Es war schon fast zehn, als es endlich an der Tür klingelte.
»Wir machen auf«, bot Lance sofort an und stand auf. Ich folgte ihm.
Wie erwartet standen tatsächlich Peter und Zombie vor der Tür. Als wir sie sahen, prusteten Lance und ich. Natürlich hatten er und ich uns ein Hemd angezogen, Lance sogar ausnahmsweise eine Jeans, da ein Rock wohl reichlich dämlich dazu ausgesehen hätte, aber die beiden vor der Tür sahen schon ziemlich herausgeputzt aus. Sie steckten in Hemd und Jeans, dazu trugen sie Lederschuhe. Das allein wäre sicher nicht so außergewöhnlich gewesen, aber es war auch kein bisschen Schminke in ihren Gesichtern. Peter hatte seine Haare gescheitelt, um die kahle Seite etwas zu verdecken und Zombie seinen Iro nicht hochgegelt. Sie sahen beide aus, als wollten sie auf Schwiegermutters Liebling machen. Bei Zombie ging das ja noch recht gut, da störte nur die Frisur, aber bei Peter sah das durch den Gesichtsschmuck schon irgendwie albern aus. Auch wenn dieser heute tatsächlich etwas dezenter ausfiel.
Um nicht weiter sinnlos in der Tür zu stehen, zog ich Peter in meine Arme und begrüßte ihn mit einem Kuss. Auch Zombie kam danach herein. Sie sahen sich etwas unsicher um.
Lance ergriff für uns das Wort: »Hängt die Jacken dort hin und dann kommt mit, wir stellen euch den Rest vor.«
Sie taten wie ihnen geheißen und folgten ins Wohnzimmer.

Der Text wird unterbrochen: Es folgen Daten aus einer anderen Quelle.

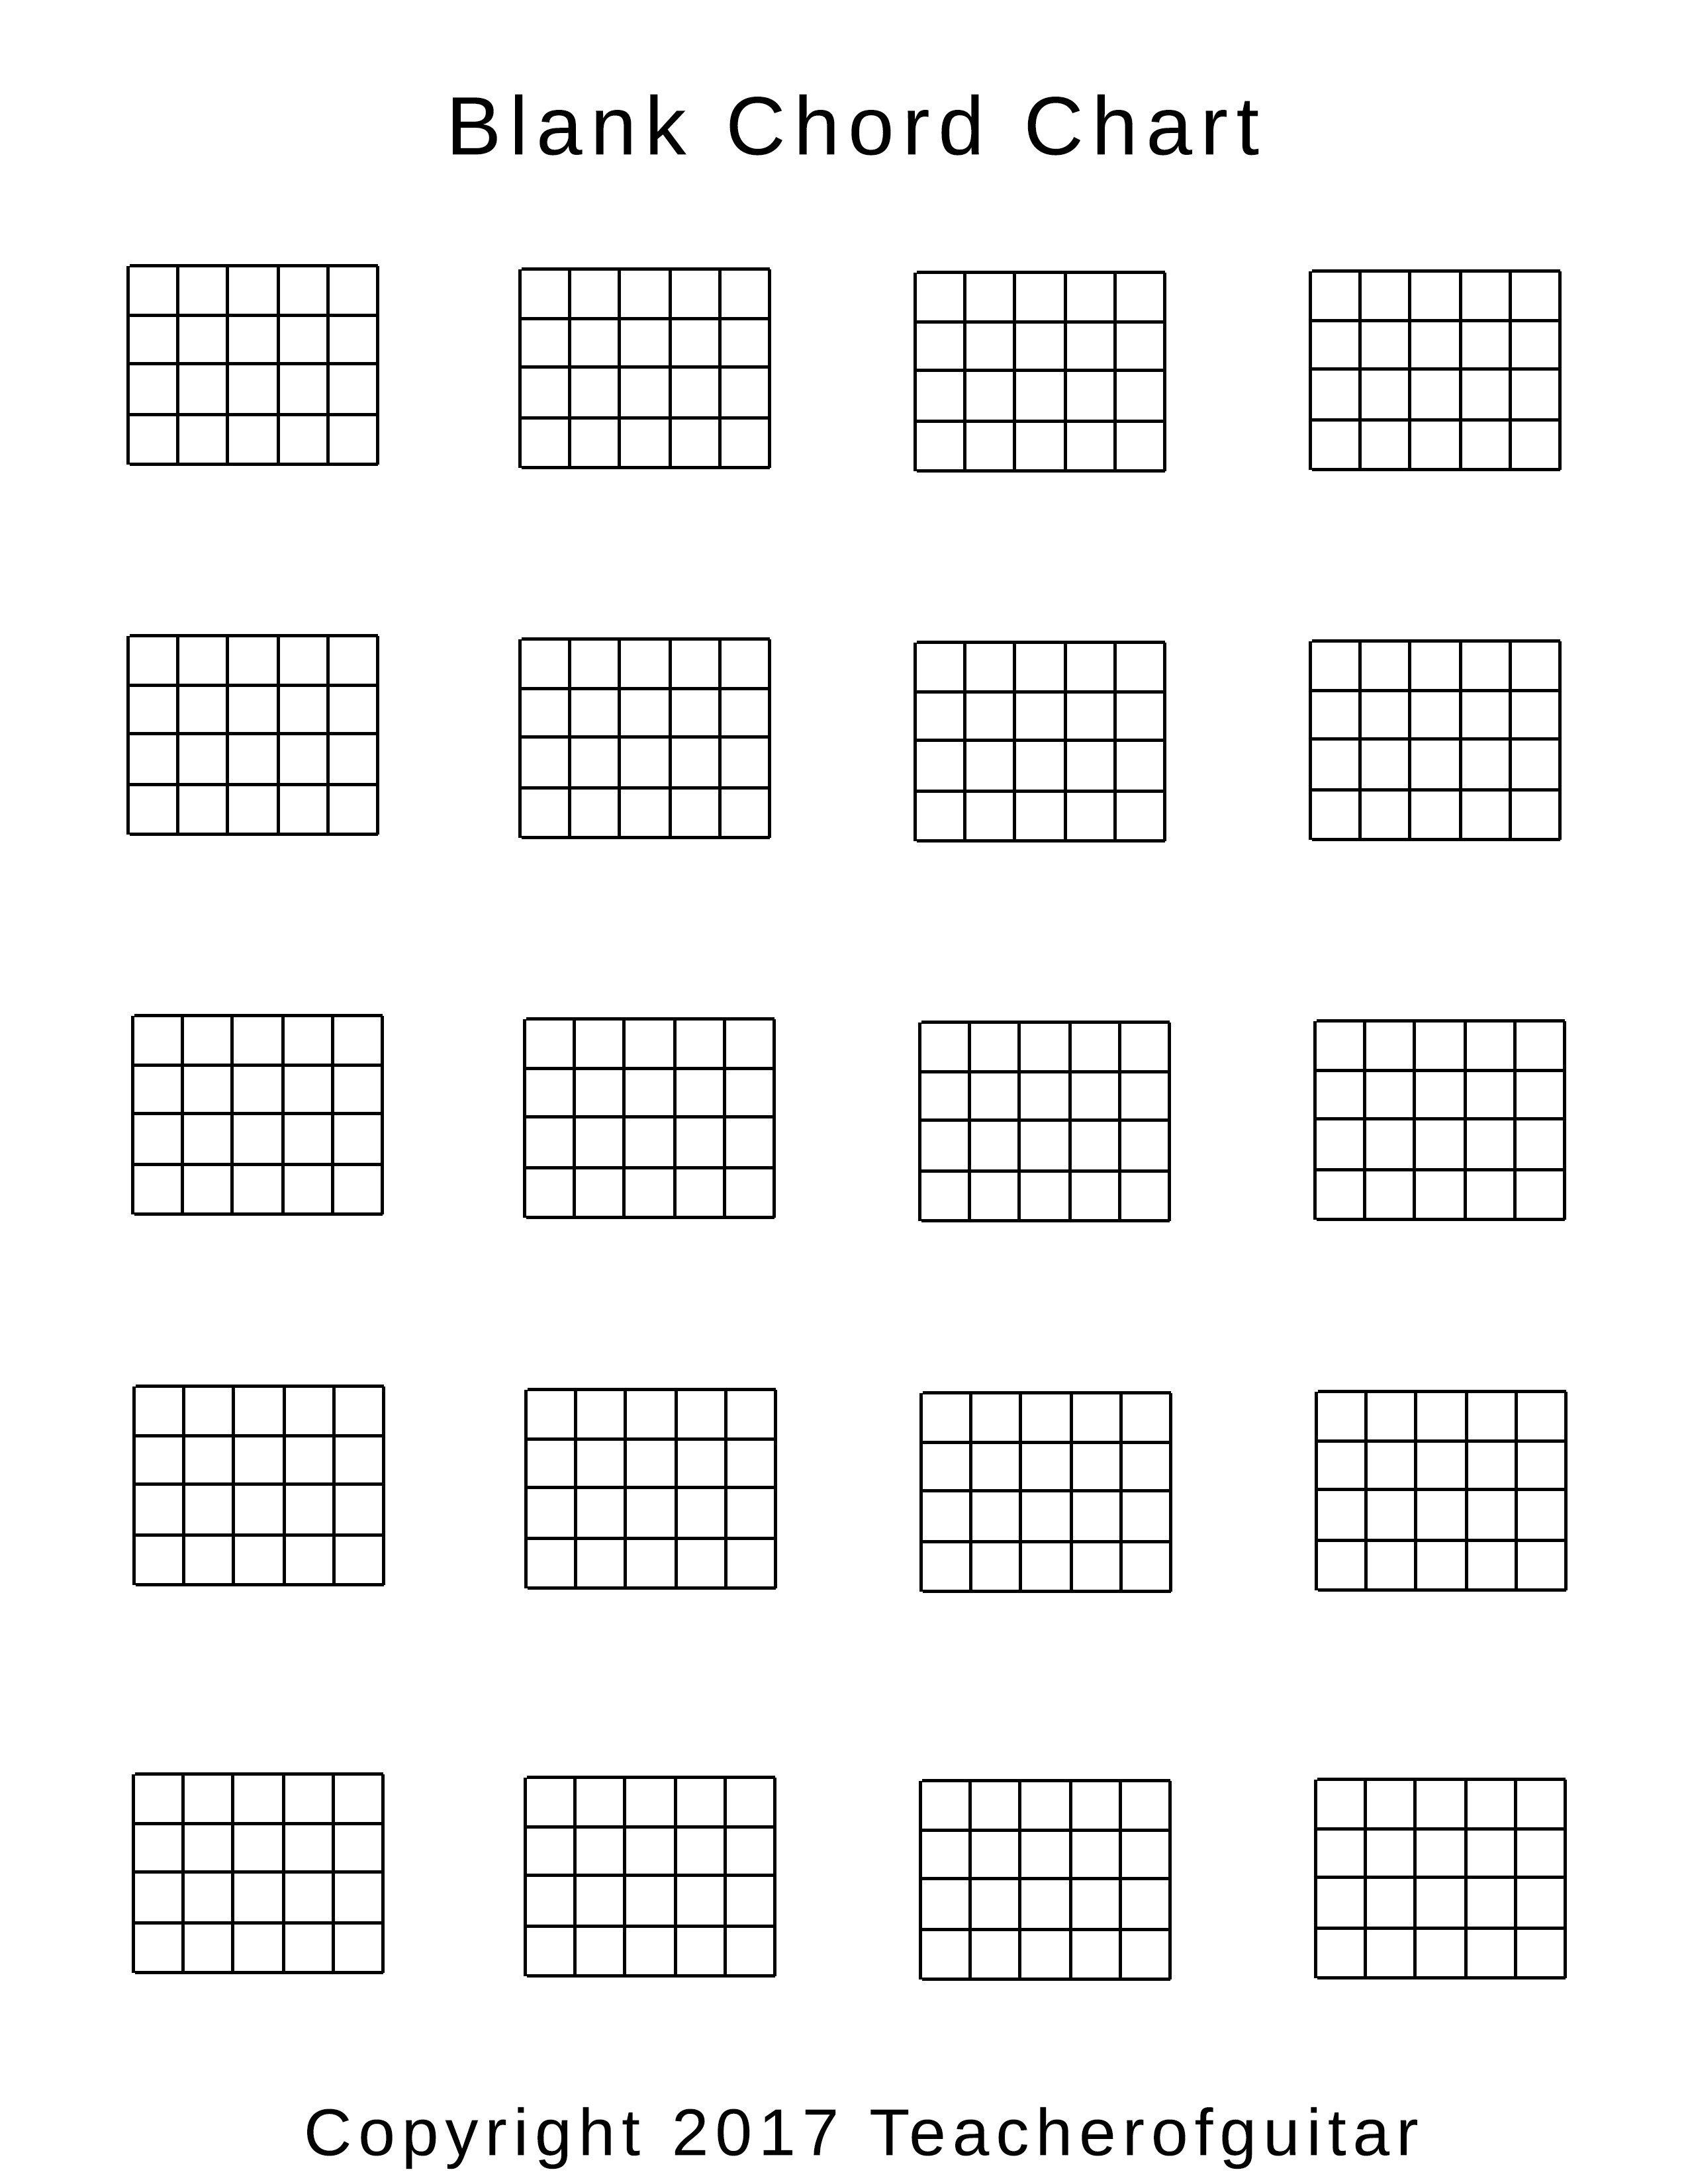 Blank Guitar Chord Chart Blank Chord Chart Teacher Of Guitar

Neben den Couchen blieben wir stehen und Lance übernahm die Vorstellung, indem er nacheinander auf die Personen deutete: »Das sind meine Eltern, die Greens und die Keys. James kennt ihr ja, soweit ich weiß. Und das sind Mat und Peter.«
Es wurden allgemeine Begrüßungen gemurmelt. Mrs. Payne stand auf, ging auf die beiden zu und hielt ihnen die Hand hin. »Hallo. Ihr könnt meinen Mann und mich ruhig Emery und Kasey nennen. Isaac hat gesagt, ihr musstet bis gerade arbeiten? Dann habt ihr sicher noch nichts gegessen. Kommt mal mit, es ist noch genug da.« An den Schultern führte sie die beiden in die Küche und drückte sie fast schon auf die Stühle.
Etwas überrumpelt und verlegen murmelten sie ein Danke, während ihnen reichlich Essen aufgetan wurde. Als sie etwas hilfesuchend zu Lance und mir sahen, lachten wir sie an. Okay, ja, wir lachten sie aus, denn sie schienen mit der fürsorglichen Kasey reichlich überfordert. Wann sie wohl zuletzt so behandelt worden waren? Kannten sie das überhaupt?

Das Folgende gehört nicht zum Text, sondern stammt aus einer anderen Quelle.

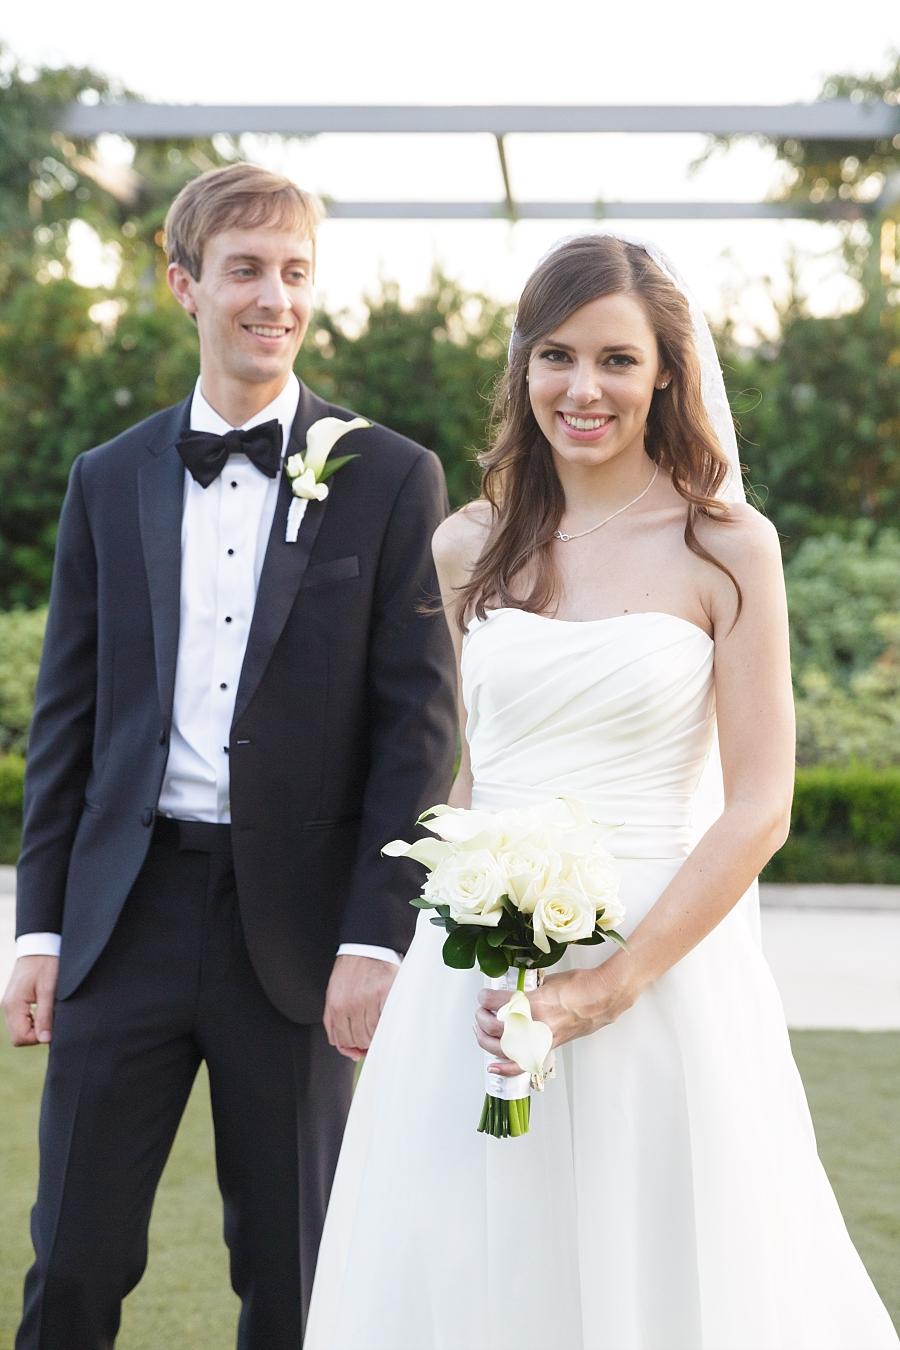 Stacy-Anderson-Photography-McGovern-Centennial-Gardens-Houston-Wedding-Photographer_0069.jpg
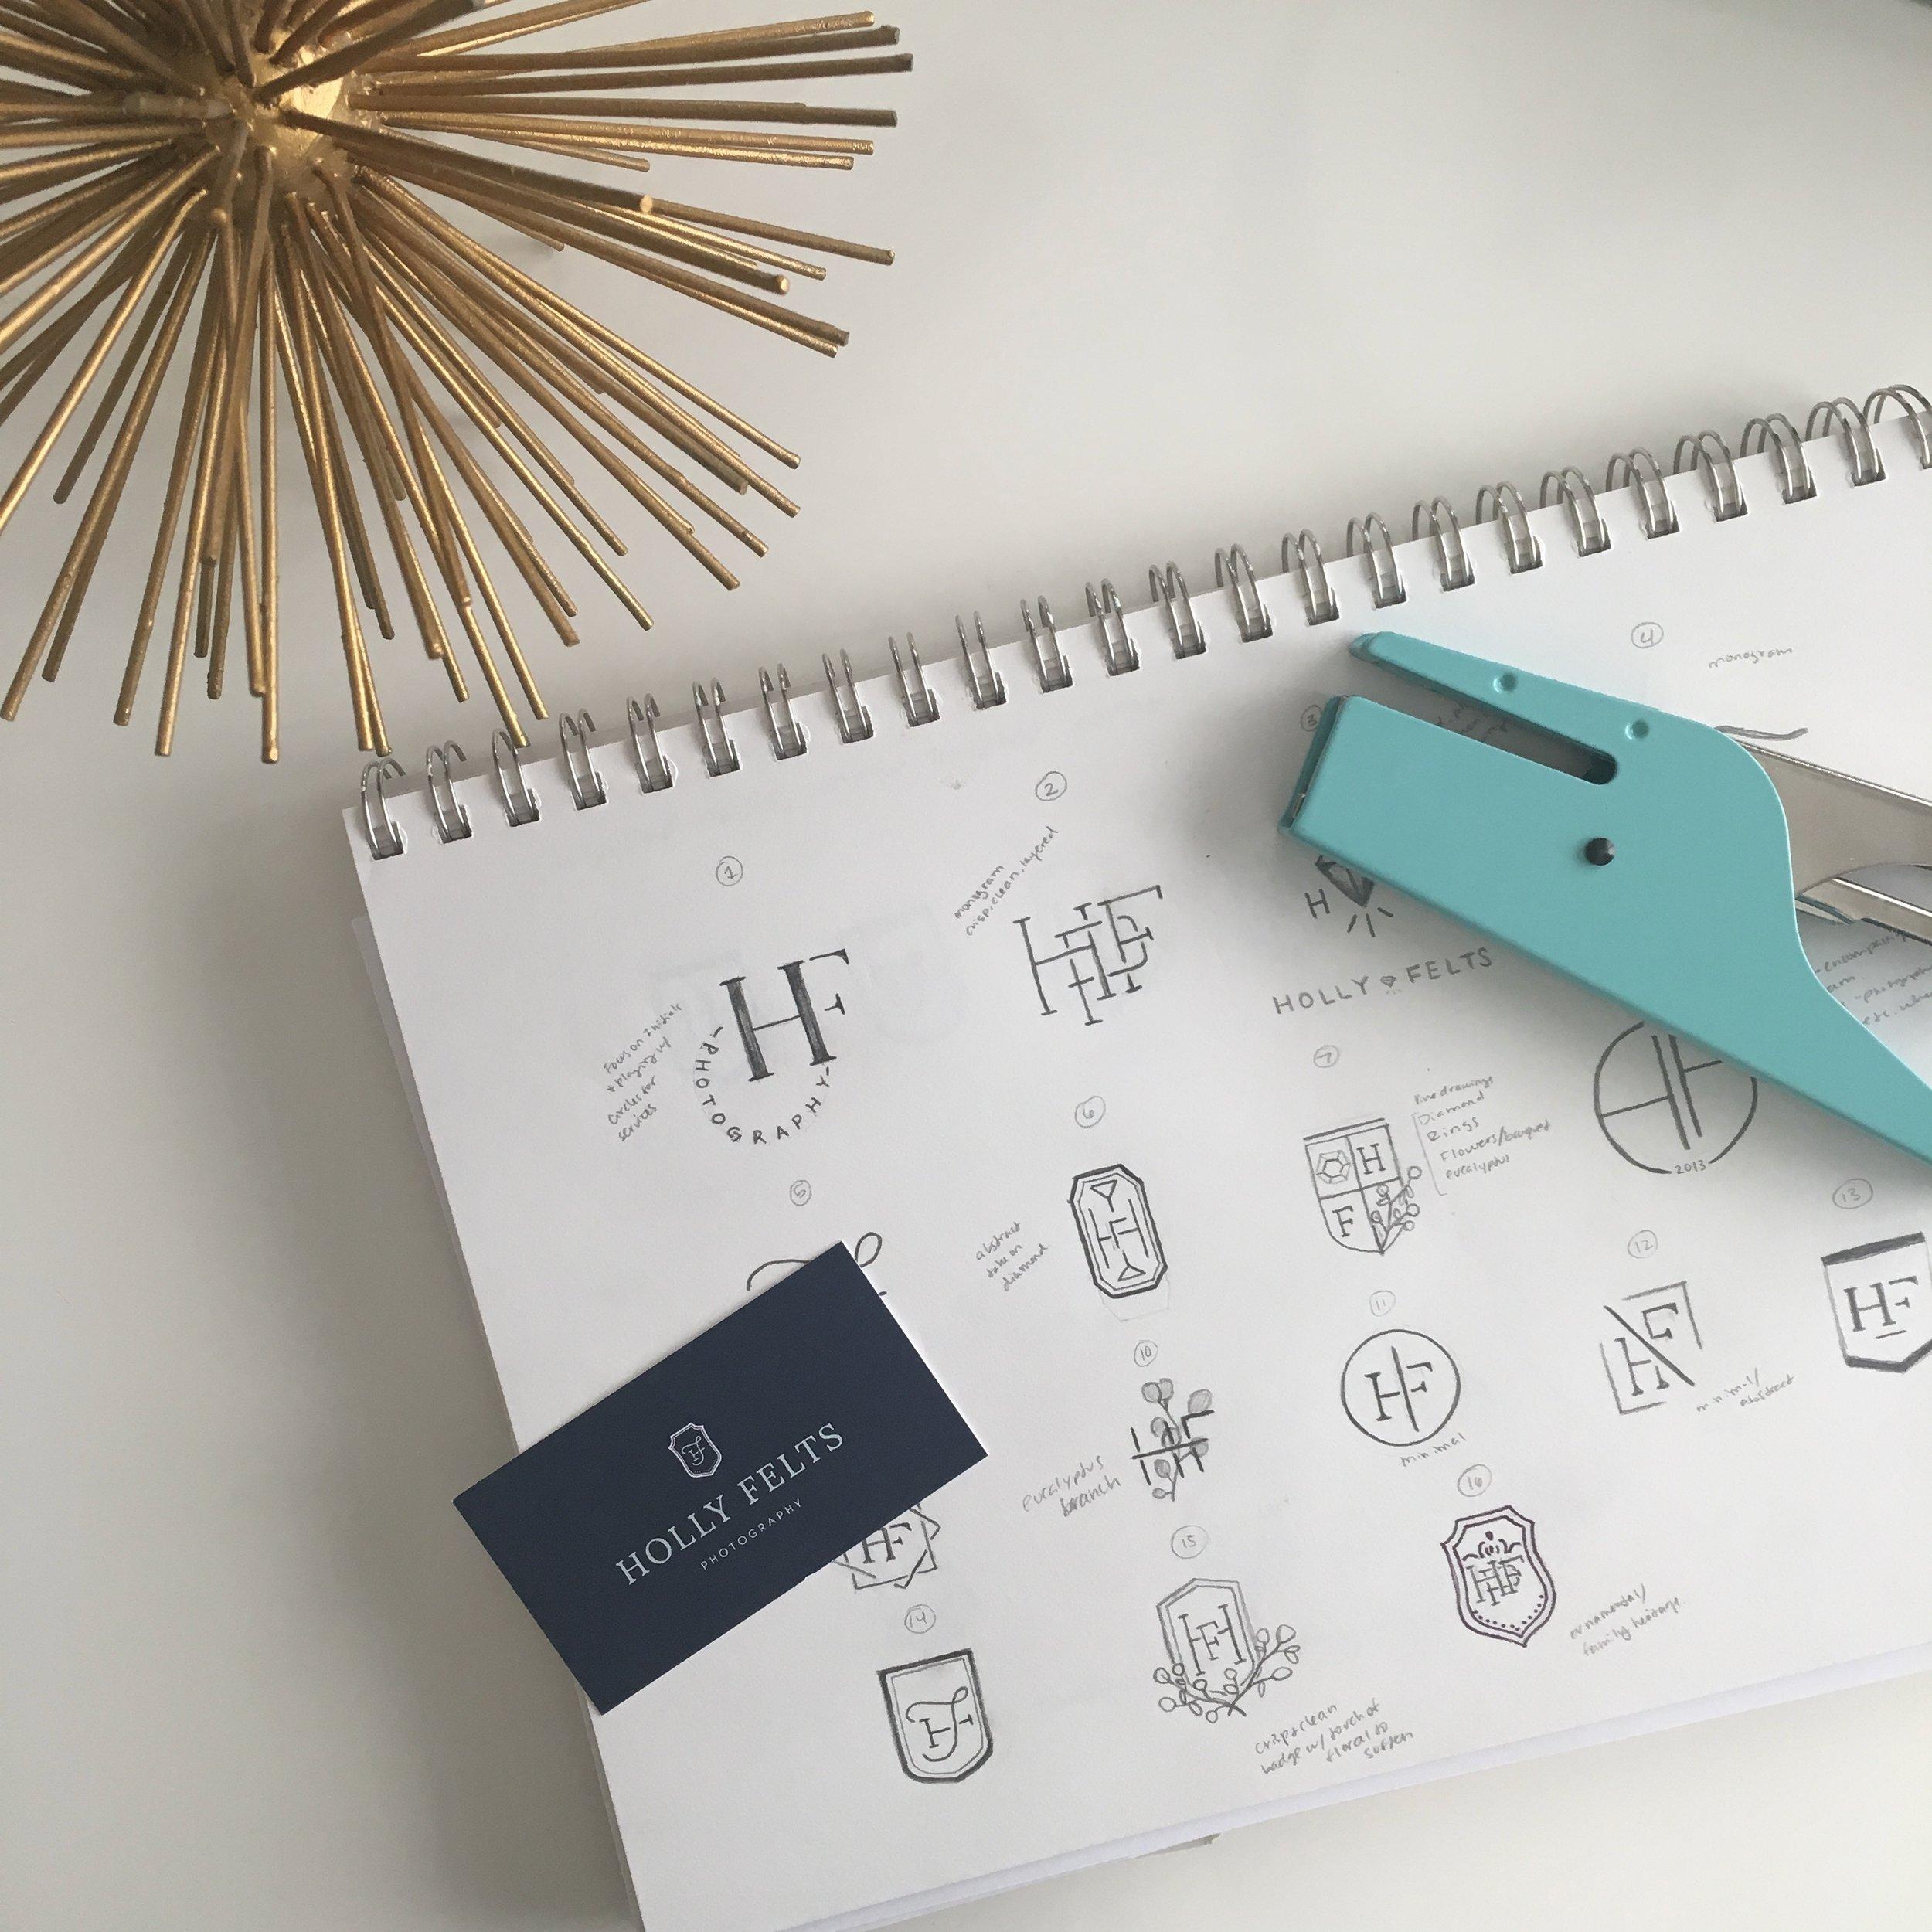 HayleyBighamDesigns-HollyFeltsPhotography-Rebrand-sketches.jpg

Als seine Mutter ihnen auch noch direkt Nachtisch aufschwatzen wollte, obwohl Peter und Zombie noch nicht einmal mit Essen angefangen hatten, schritt Lance dann doch ein: »Mum, sie sind alt genug, sie können sagen, wenn sie noch etwas haben wollen und sich auch selber nehmen, jetzt lass sie doch erstmal essen.«
Sie sah es ein und ging zurück ins Wohnzimmer. Auch Lance und ich folgten ihr, nachdem wir Zombie und Peter gesagt hatten, dass sie sich ruhig etwas nachnehmen konnten, wenn sie wollten, und ansonsten einfach rufen oder sich bemerkbar machen sollten.